Леонид Костомаров - Десять кругов ада
Иду к бараку, смотрю, Лебедушкин, увидев меня издалека, зашел за кусты и там спрятался. Пришлось подойти.
- Выходи! - говорю громко.
Вылазит. Стыдно, здоровый бугай, а как пацан себя ведет.
- Ну, и что ты по кустам прыгаешь? - спрашиваю.
- Вот... - говорит, - перо Васькино в кустах нашел. - И достает из-за голенища длинное перо птичье. Может, и вправду нашел, только часом раньше, точно. А зачем прятался, надо узнать. Или не надо? Боже, как это все обрыдло...
- Переписку с Воронцовым прекратил?
- Прекратил... - бурчит.
- Молодец. Не вольничай больше, а то не посмотрю на твое горе, живо пойдешь в карцер.
Смотрю на него, сыном ведь мог мне быть, и парень-то нормальный, улыбка добрая, хорошая...
Может, пора дать ход его прошению о женитьбе? Дело не такое уж и необычное: в Зоне чего не бывает... На фронте, между прочим, браки в штабах оформлялись - там и поп, там и Бог, там и советская власть. Завтра - смерть, а нынче - брак с медсестричкой.

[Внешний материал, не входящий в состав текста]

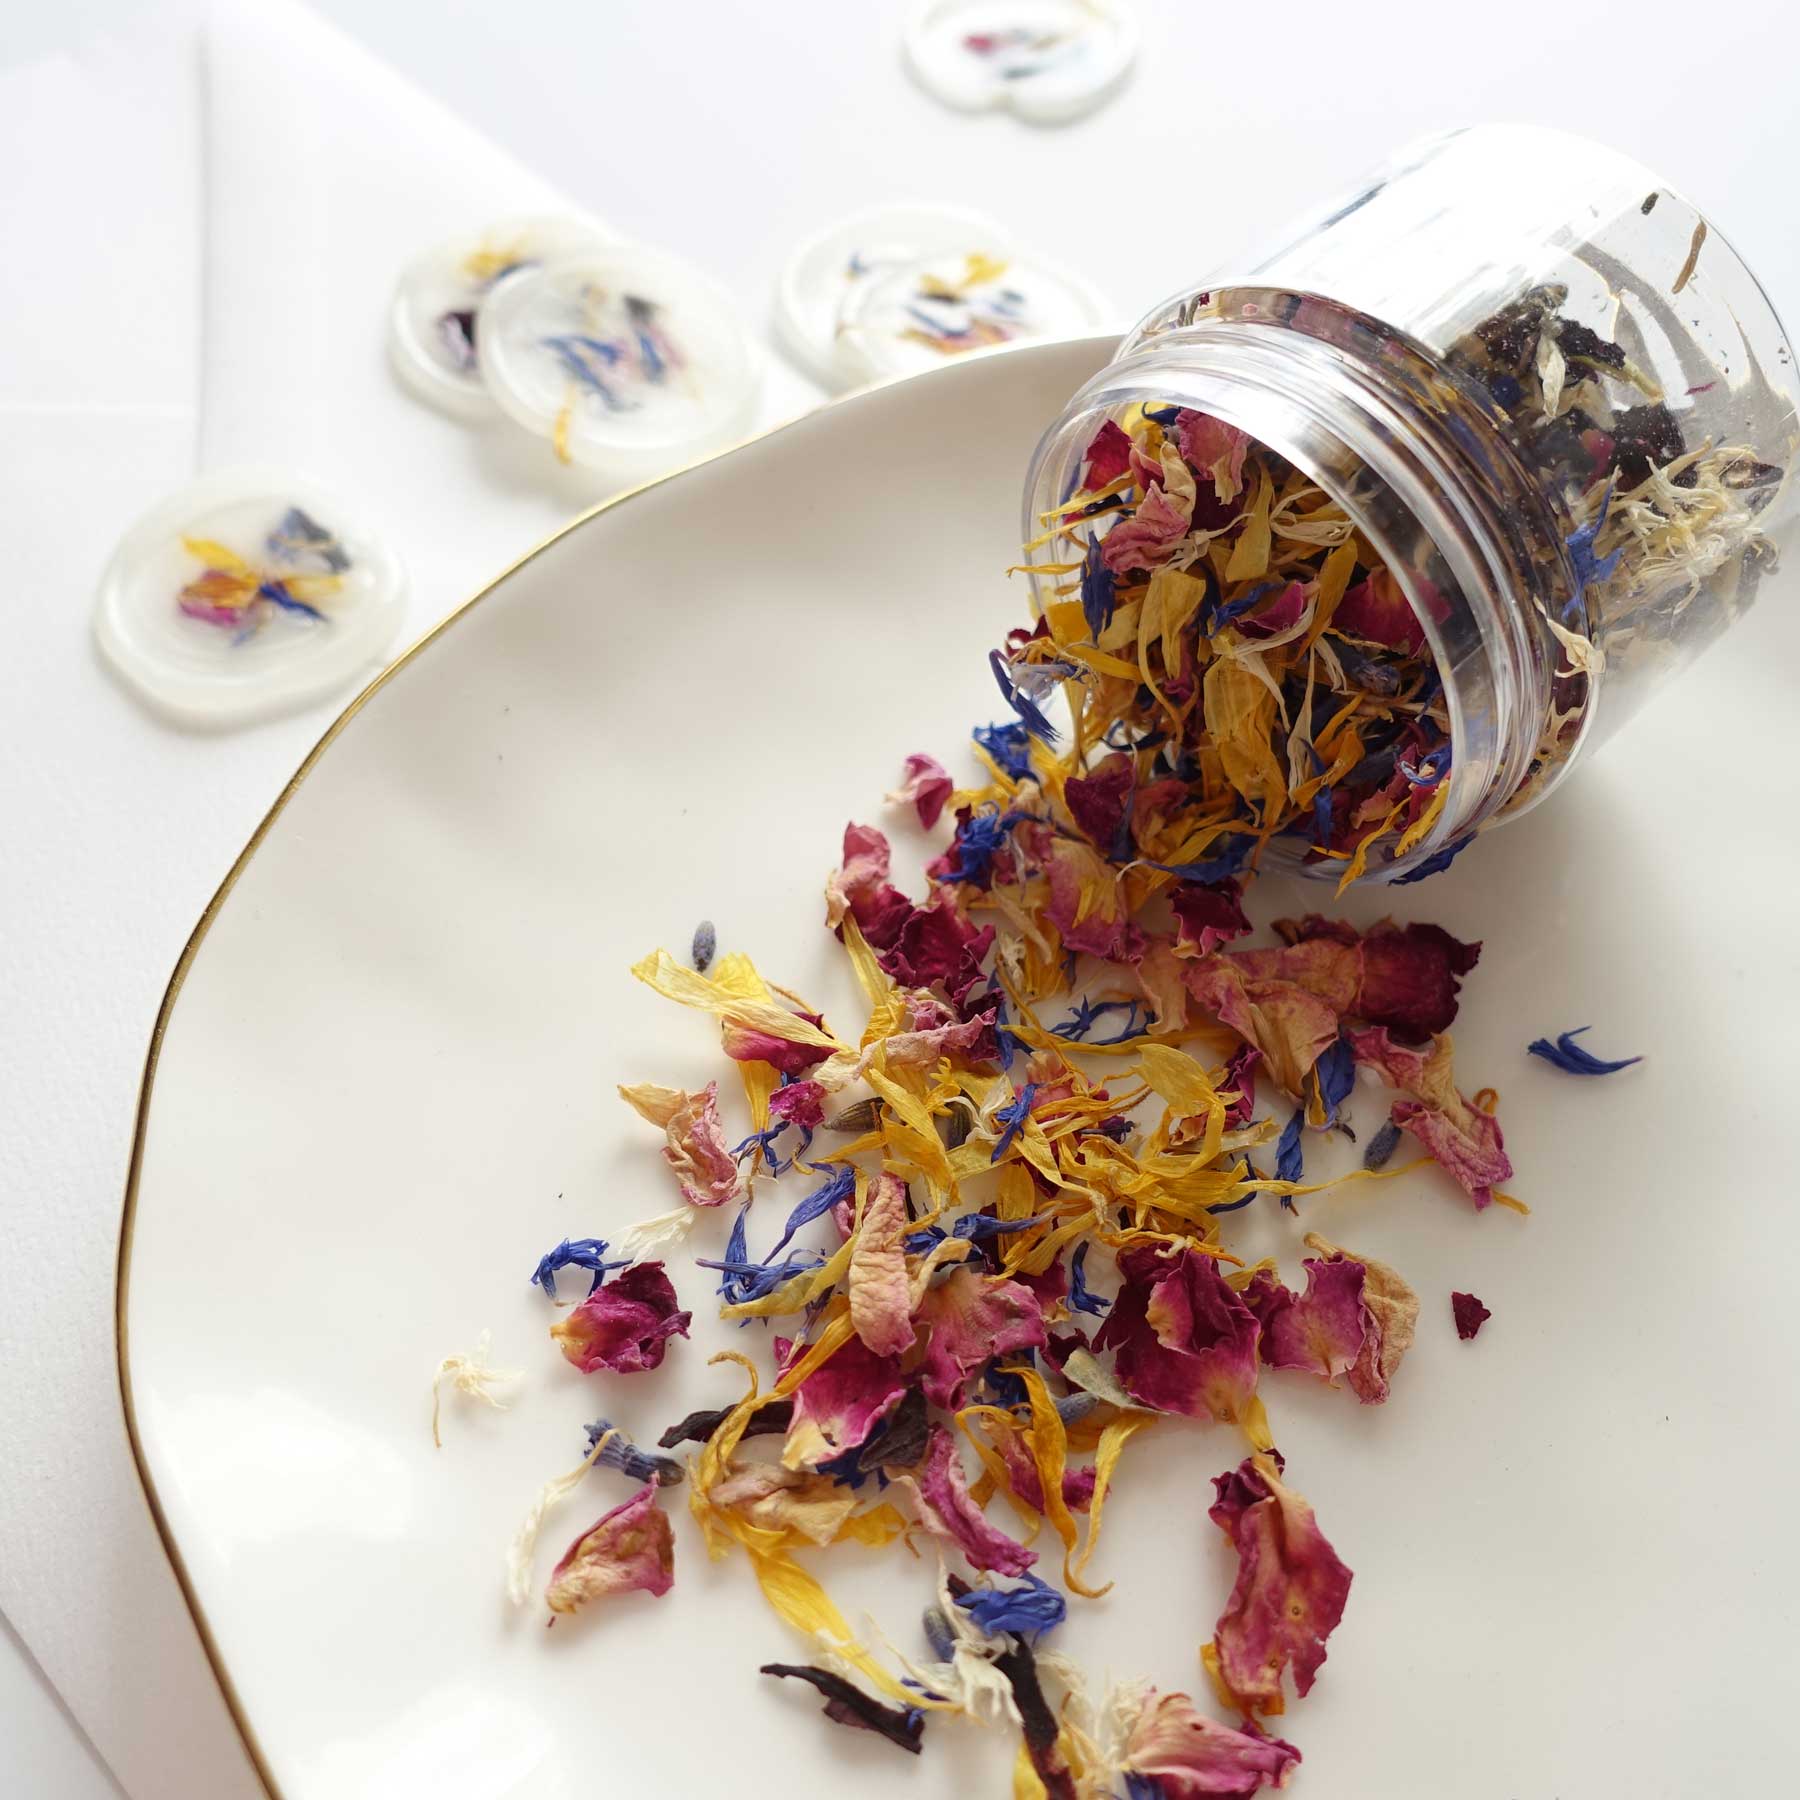 Dried rose lavender calendular flower petals jar Australia wax seal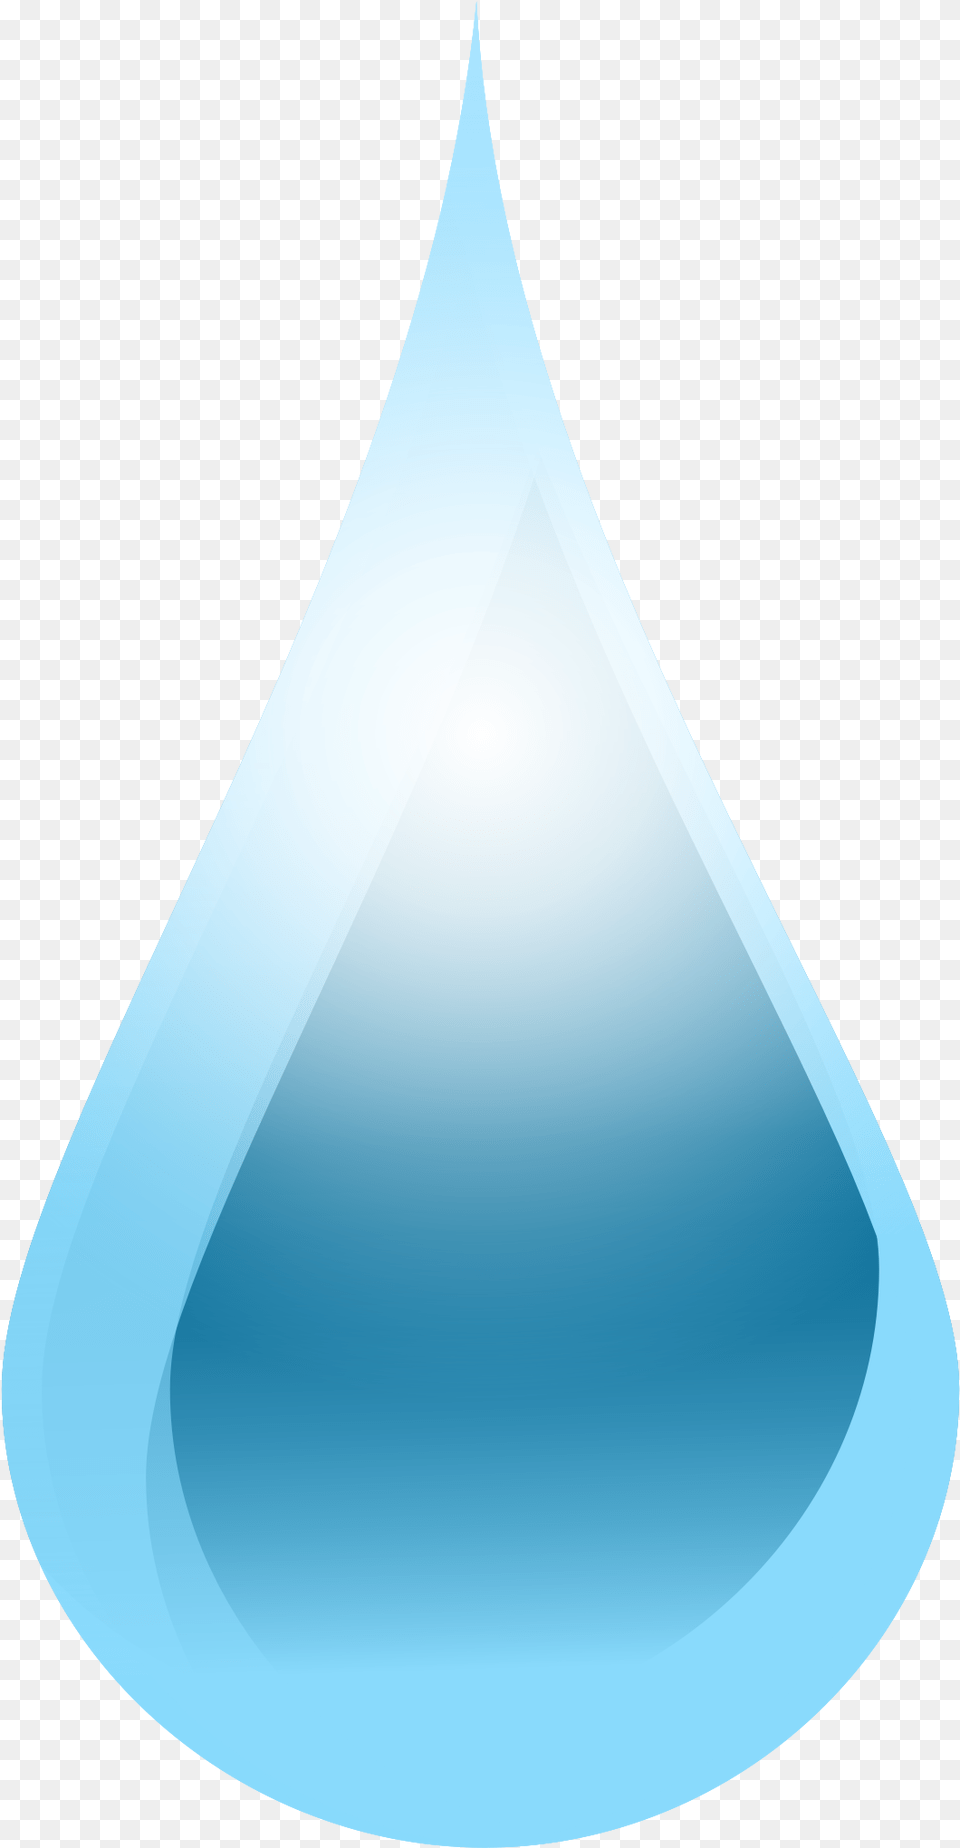 Svg Stock Drop Big Image Water Drop Image Gotas De Agua Dibujo, Droplet, Triangle Free Transparent Png

Сам грешен: радистка была, Сонечка... С чего и ранение имею: чуть было не заснул в окопе, высунулся, дурак замедленный, после жаркой-то ночи... Привычка уже была к смерти, опасности, а тут - ромашка, а по ней - изумрудного цвета жучок...
После госпиталя узнал: сгинула Сонечка, без вести пропала. Через два дня. Как такое могло произойти? А произошло...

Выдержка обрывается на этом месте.